▶ **WORK TO COMPLETE**
Would you write out the listing verbatim and skip every picture in it?

▶ **DATA SHOWN**
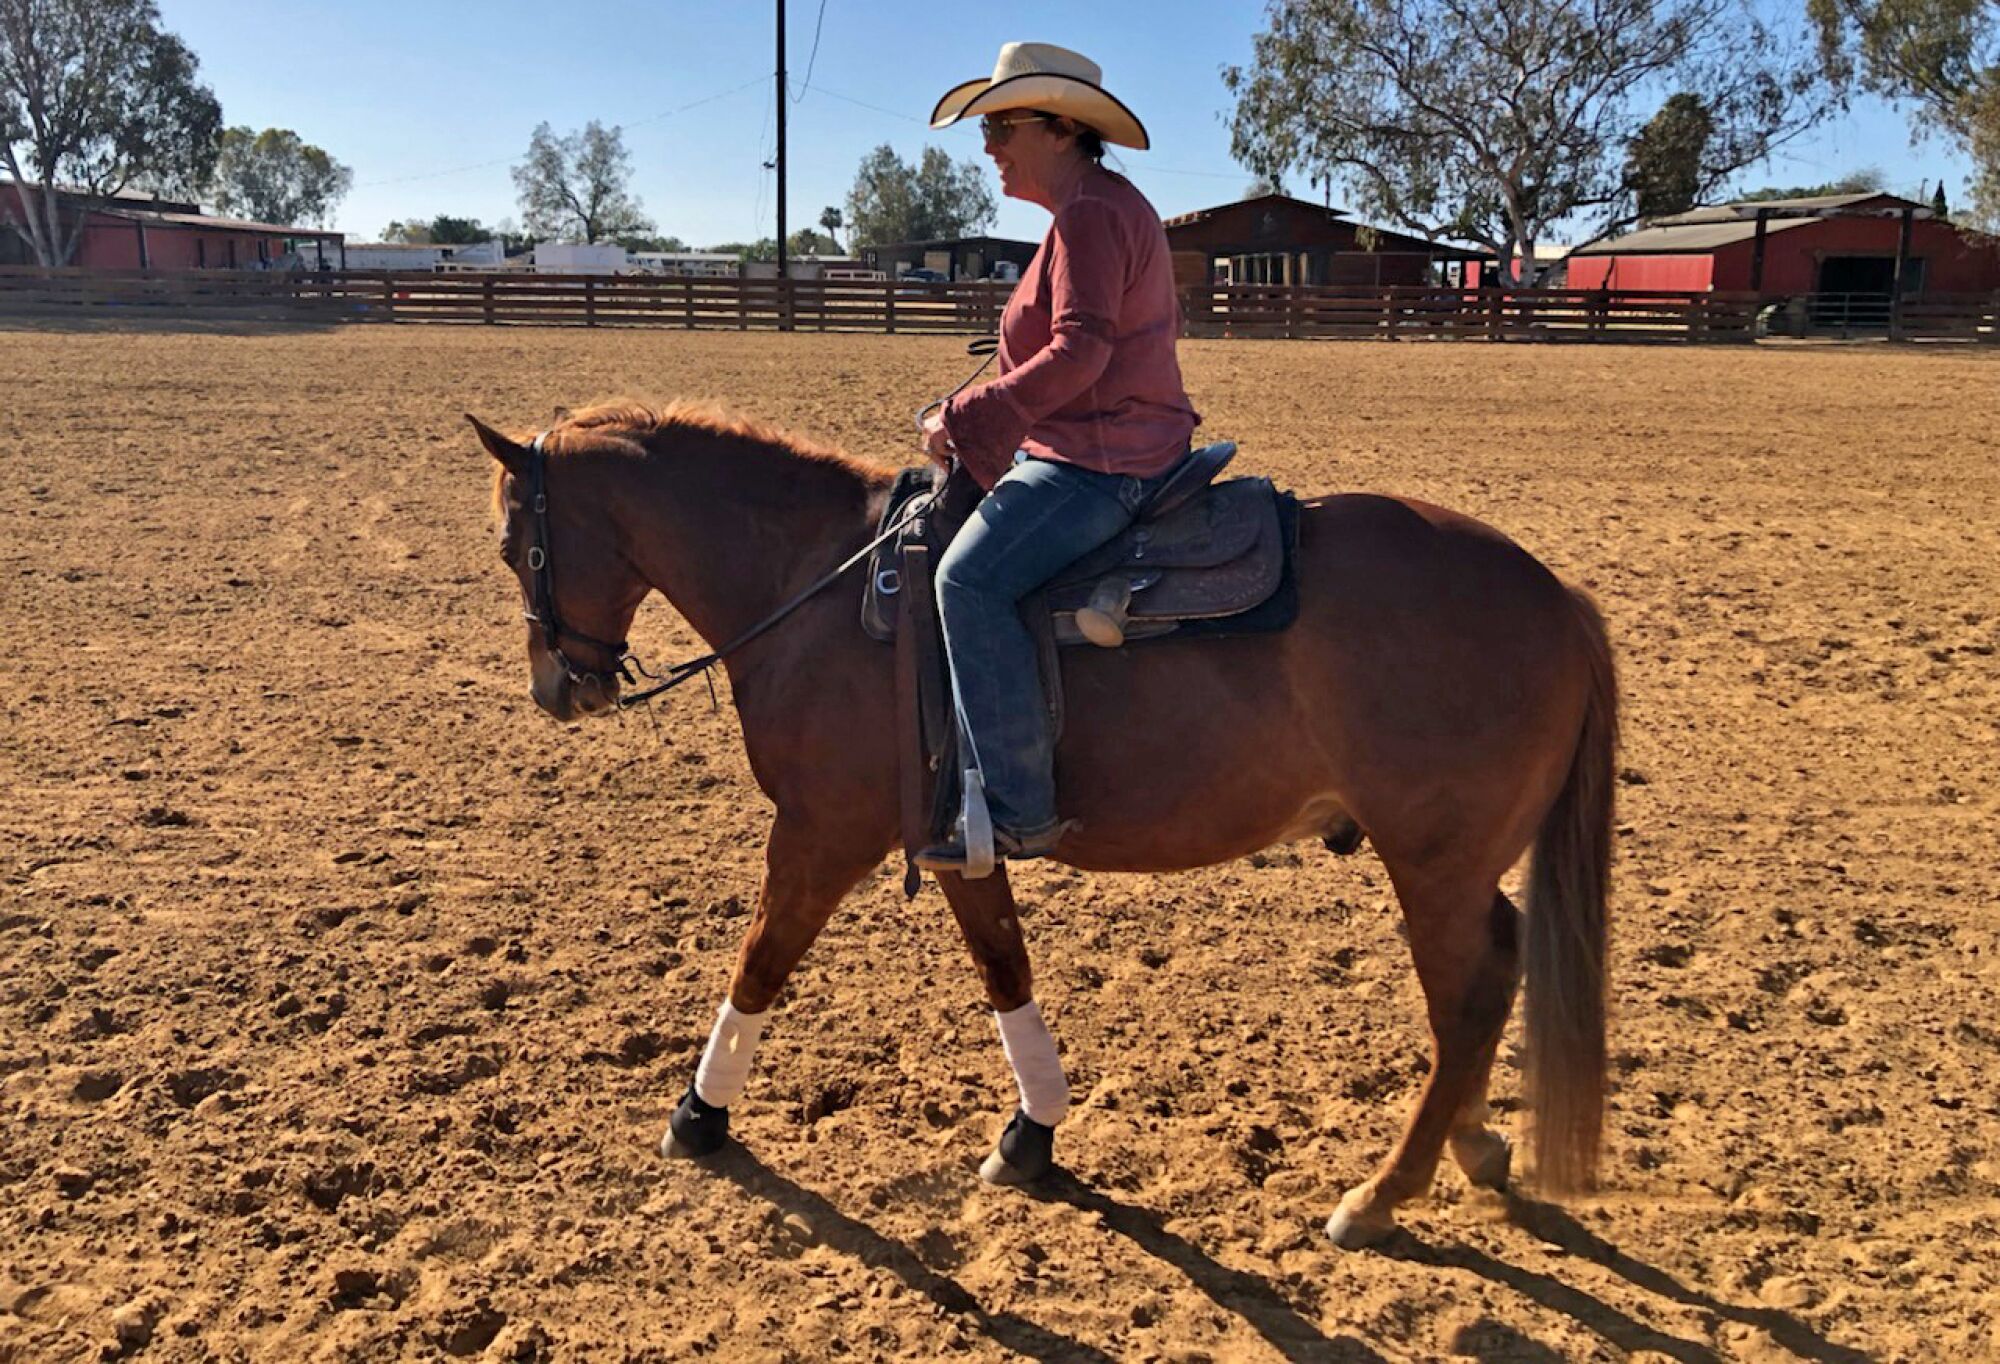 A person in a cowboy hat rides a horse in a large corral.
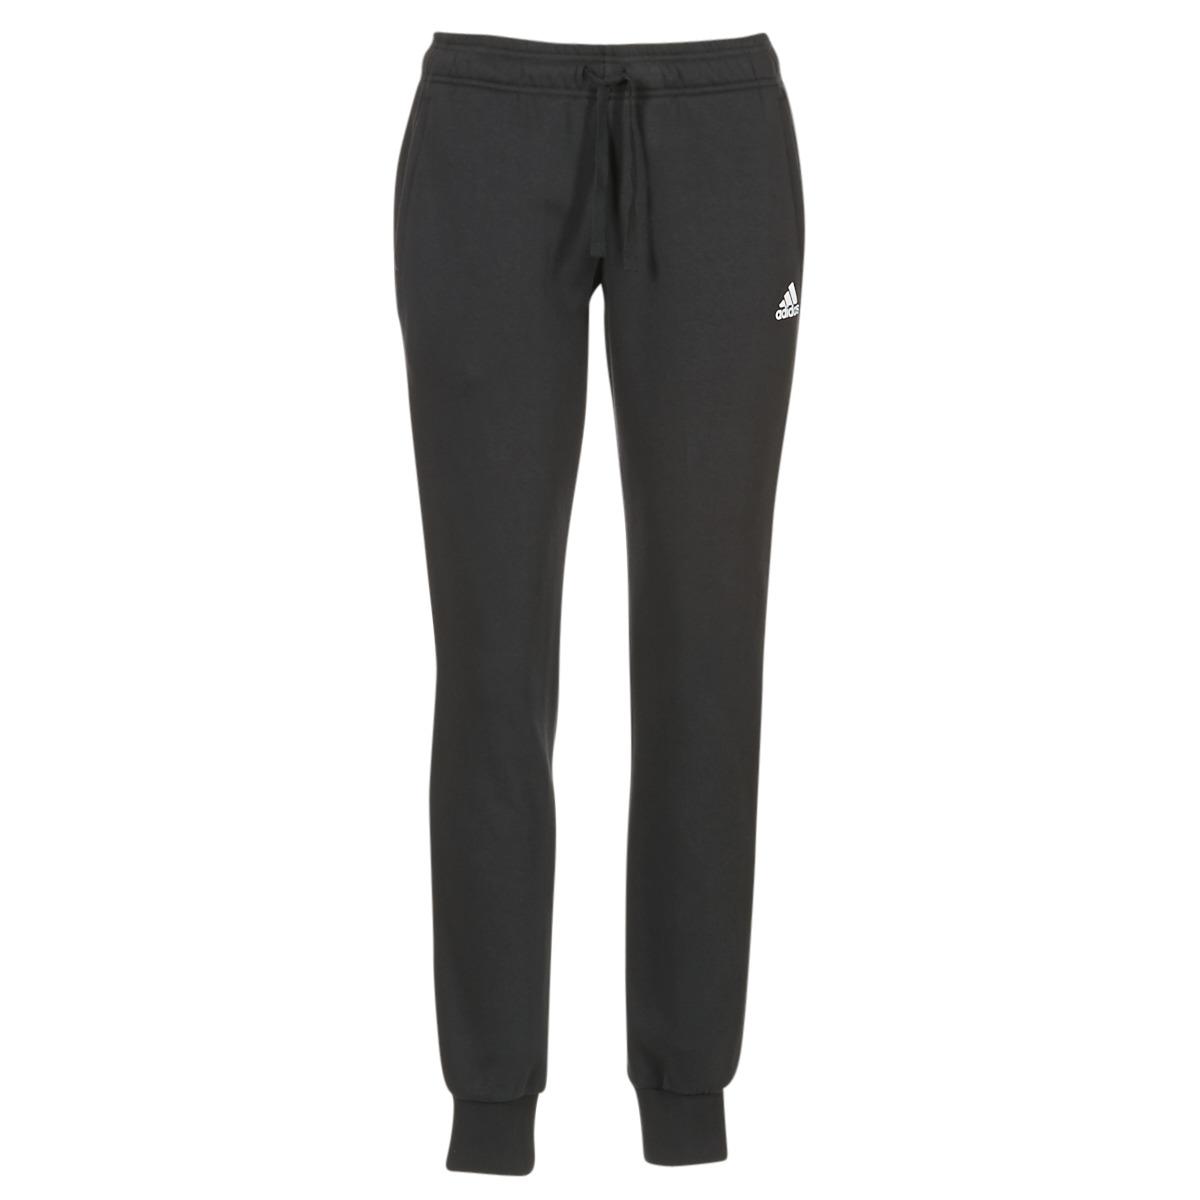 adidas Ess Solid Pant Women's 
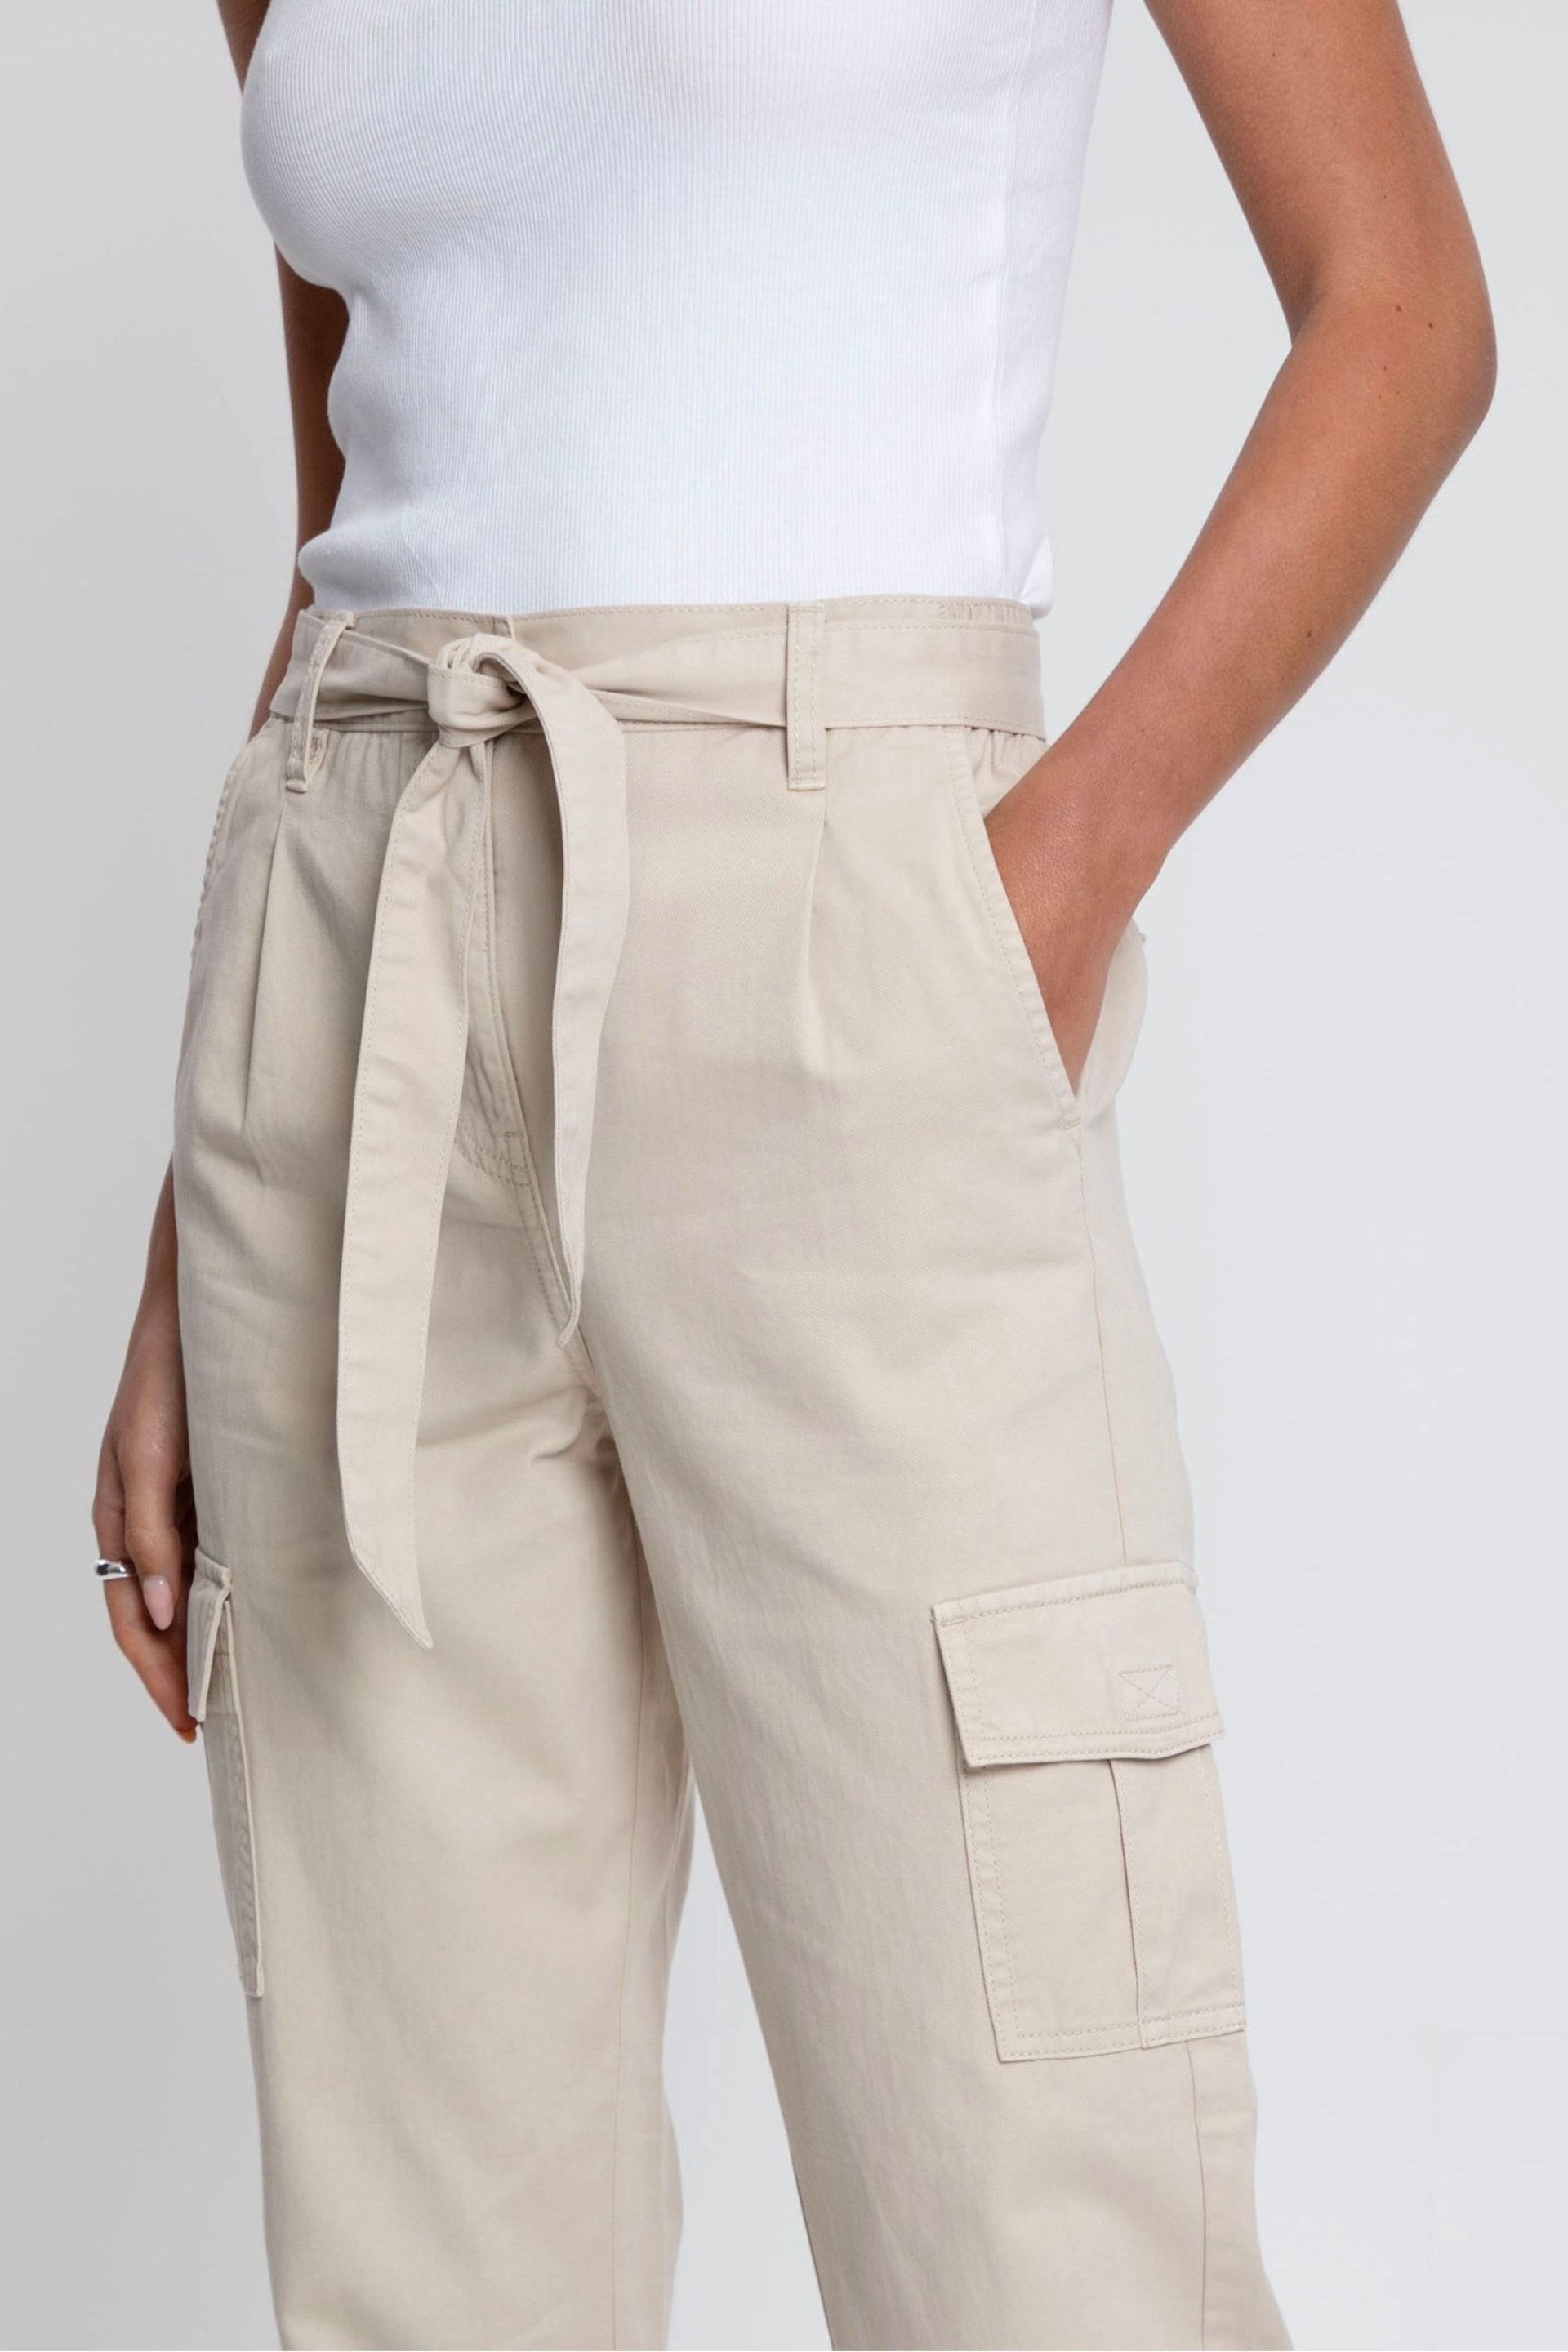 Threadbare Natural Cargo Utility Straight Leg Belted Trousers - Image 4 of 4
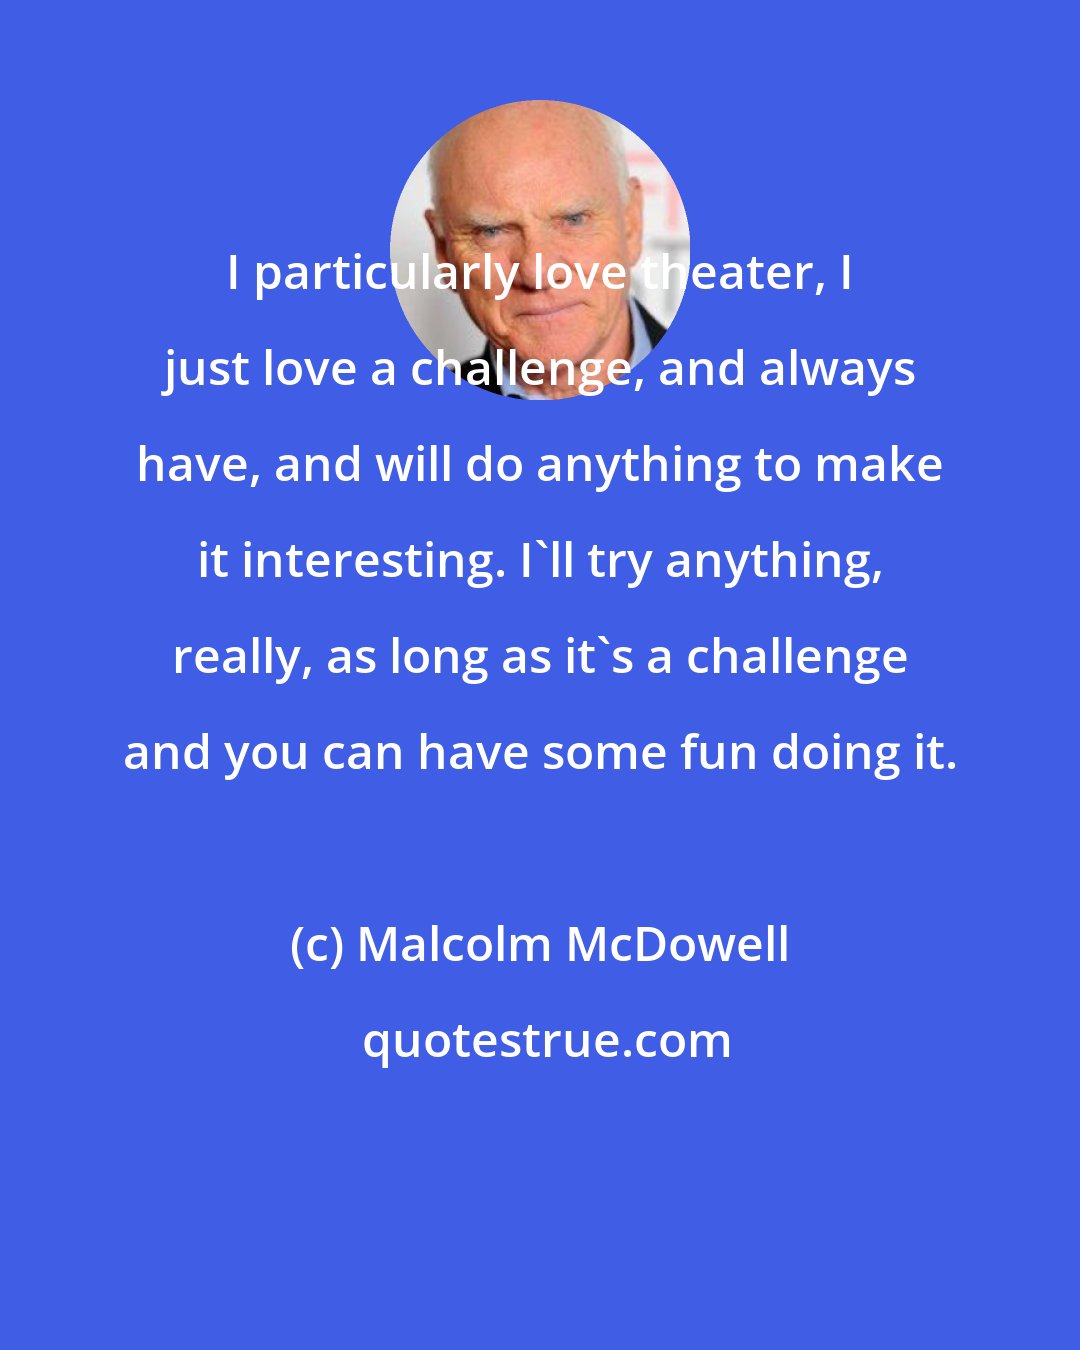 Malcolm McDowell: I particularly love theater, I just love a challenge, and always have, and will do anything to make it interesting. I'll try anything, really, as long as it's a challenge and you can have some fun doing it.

▶ **TASK SOLUTION**
 A person in a cowboy hat rides a horse in a large corral.
 adidas Ess Solid Pant Women's 
 Threadbare Natural Cargo Utility Straight Leg Belted Trousers - Image 4 of 4
 Malcolm McDowell: I particularly love theater, I just love a challenge, and always have, and will do anything to make it interesting. I'll try anything, really, as long as it's a challenge and you can have some fun doing it.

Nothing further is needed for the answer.